Benn’s botany, much as Kenneth would wish to understand it as a primal man-nature relation, is really all about the specifics. “Upon request, by shutting his eyes, he could name you all the parts of the storage organ of a given plant down to the hairlets.” His minute knowledge, “more complete than the text”, should be contrasted with Kenneth’s grand theories, which “were nothing but trouble if you entertained them indiscriminately.” The Hedgehog-Fox scheme that separates uncle and nephew is drawn more clearly when the younger man is frustrated by their conversation: “The part of me that was philosophic didn’t have much use for Uncle’s details. I was occasionally impatient with his emphasis on his particulars. Yet even then I often suspected that my abstracts were more treacherous than his specifics.” This treachery has alienated Kenneth from the mother of his child, Treckie. At dinner with a friend, the engaging and far more loyal Dita, the problem appears attributable to others. “Understanding has amounts to nothing if you have nobody to communicate it to,” as Kenneth writes, and Treckie, who has fled to Seattle with the daughter and taken up with a bruiser of a man, Ronald the ski instructor, has little interest in his theories.
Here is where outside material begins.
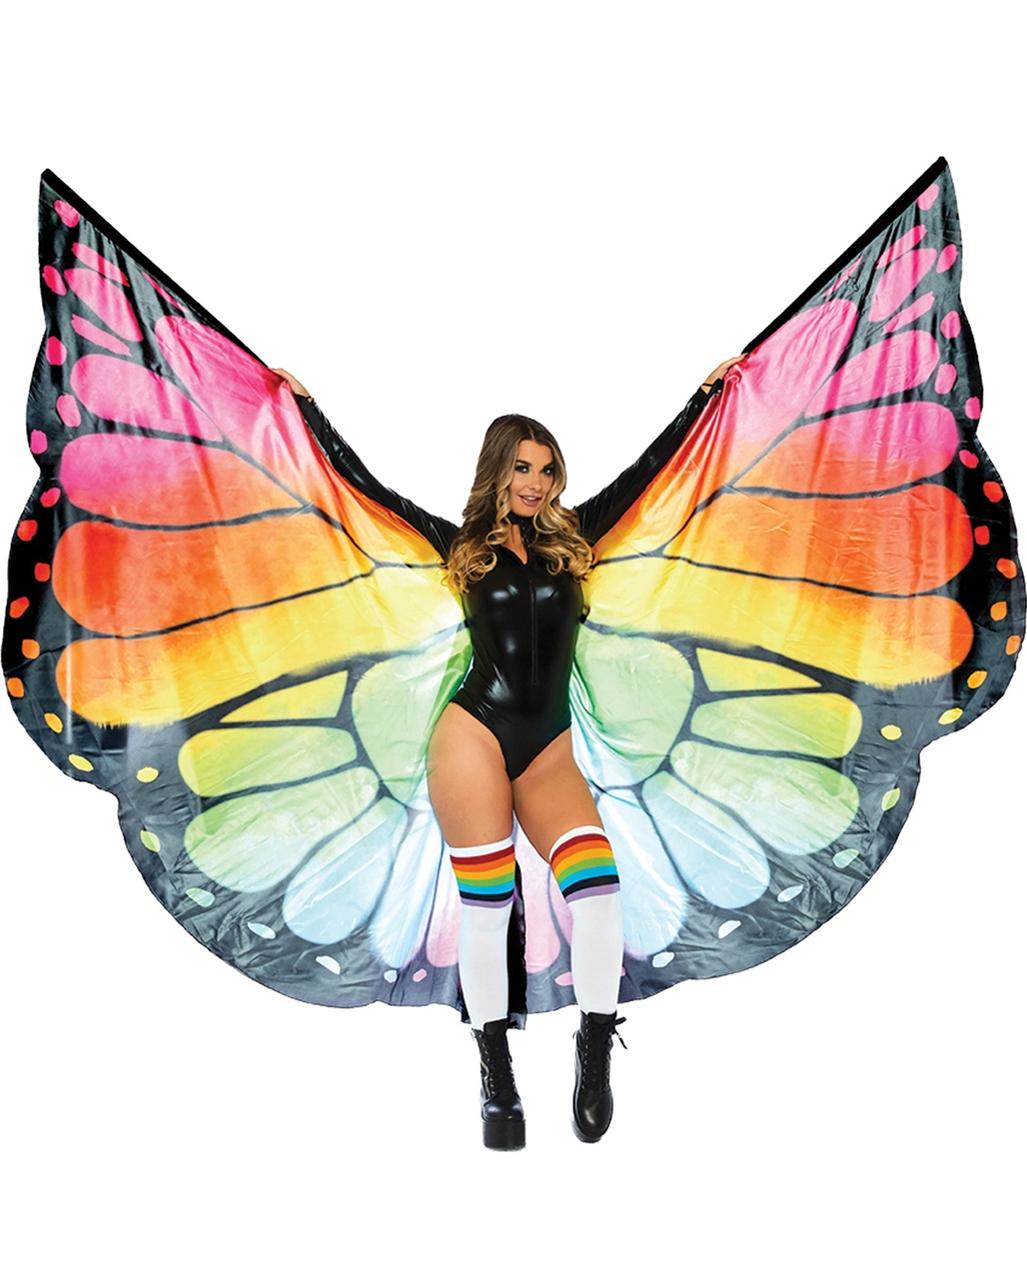 Schmetterlinge anhaken

Whether because his field involves grand distant ideas, rather than calyxes, sepals, and papillae, or because he can’t project himself into an Edenic tableau as he can his Uncle, Kenneth is much more the modern monad than even he may realize. Venturing out of that field to describe his wish for union with Treckie, he writes, “I have sometimes stated the case of Treckie in subatomic terms: Particle A carries the charge specifically needed by Particle B, True affinity.” Added to his anxiety about his Uncle’s self-annihilation through marriage, and about his distance from Treckie, there is an individual rather than personal worry. Kenneth may be gesturing with a grand narrative aside toward a far worse fate, lamenting “how far we’ve fallen below the classical Greek standard,” having “split things in two, dividing the physique from the mind.” If some time after the apparently sustainable resolution of the narrative (Benn leaves his wife and Kenneth gains custody of his daughter), there’s further trouble and division at Kenneth’s atomic level, then the outcome will be far more destructive than anything he has consciously imagined, Bellow’s novel will look a lot more like a Cold War novel in the paranoid sense, and the claim of its title (Benn’s), that there are more deaths from heartbreak than from atomic radiation, will be proven naive. Or if “heartbreak” is to be understood differently, true in a non-aphoristic way. Bellow, in an apparent denigration of the British novel, has already told us to move past aphorism, and shown us how he’s trying to do better:
As E.M. Forster once said, “How do I know what I think until I see what I say?” This is true, as far as it goes. Englishmen, however, are so often pleased with a striking beginning that they stop right there. The next requirement is to carry your thought forward, to take it out of the category of bright sayings.